Guide to PCB Grounding to Ensure Low Noise and EMCBy ZM Peterson • Nov 22, 2021
PCB grounding is perhaps the most important system level consideration a designer can address in complex systems. Simple designs have a very simple strategy that almost always works well as long as the PCB layout is constructed correctly. More complex systems involving an earth connection, multiple boards, or multiple electrical units will have more complex grounding strategies. This is an area that can be quite confusing and will determine the noise immunity of your system.
The grounding strategy and the physical layout of ground in a PCB will also be a major influencer of passing EMC. Most of the EMC failures that are addressed in PCB design are solved by looking at the grounding strategy, followed by the routing strategy. In this article, we’ll give a comprehensive view of grounding in complex PCBs, including in systems with mixed-signal PCB layout and routing, as well as systems involving a chassis/earth connection and power systems.
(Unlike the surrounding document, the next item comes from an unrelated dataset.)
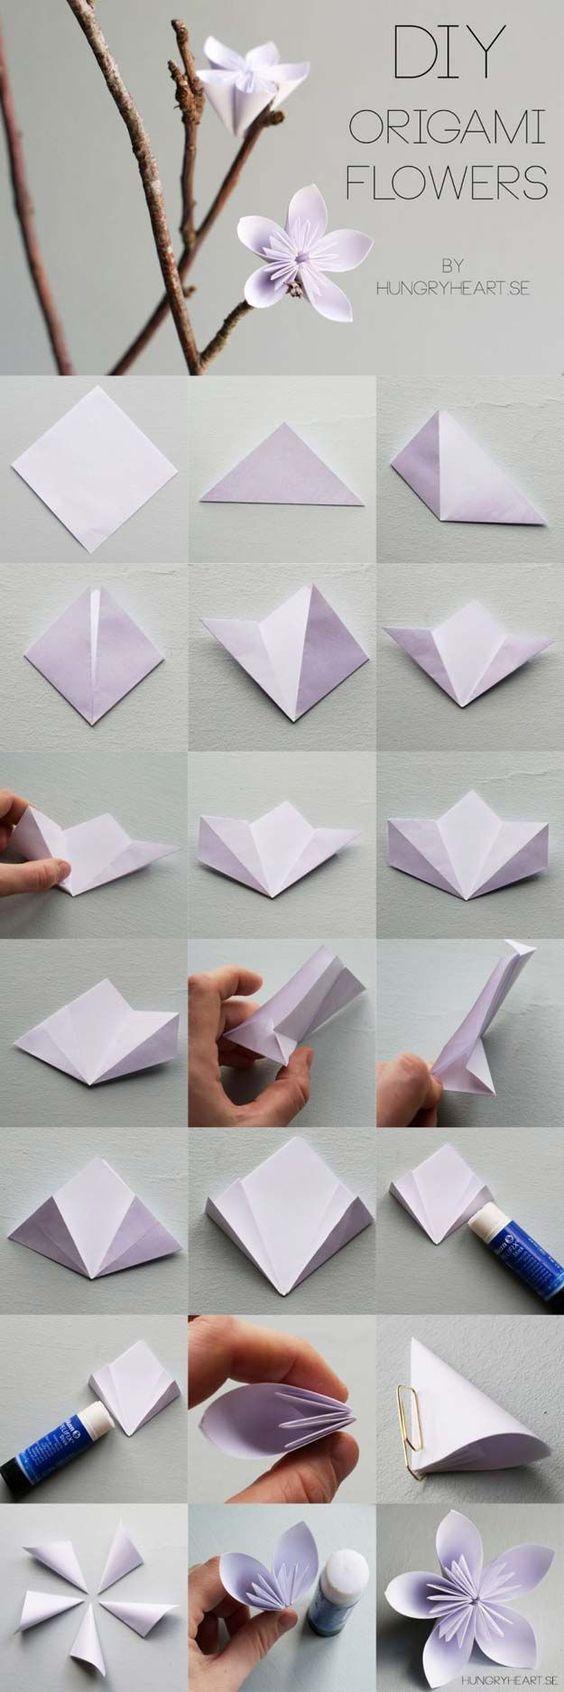 Best Origami Tutorials Flower Origami Easy Diy Origami Tutorial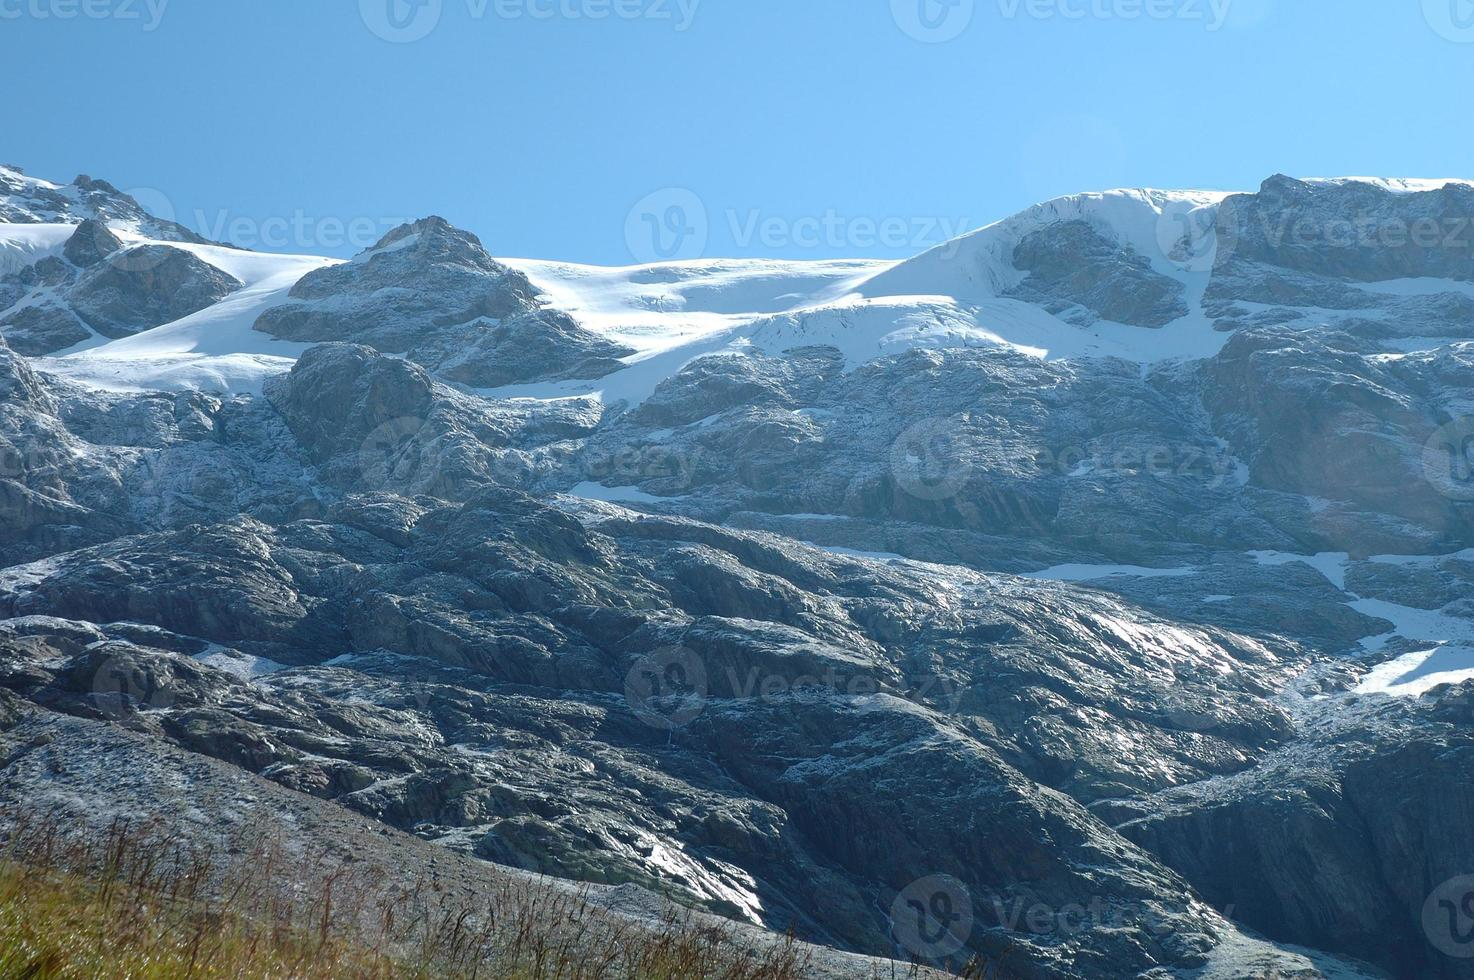 picos de neve próximos a Grindelwald, na Suíça foto

Getting Started With PCB Grounding
Ground in a PCB and in the surrounding physical construction of a system plays multiple roles, including noise immunity, references for signal measurements, and EMC. In general, in a PCB, there are three types of ground regions to be considered in a complex system:
- Earth ground: This is the ultimate ground reference as it is used in utility wiring. It provides the best form of safety for any system when it is available. This involves a literal connection to the earth through a utility cabinet.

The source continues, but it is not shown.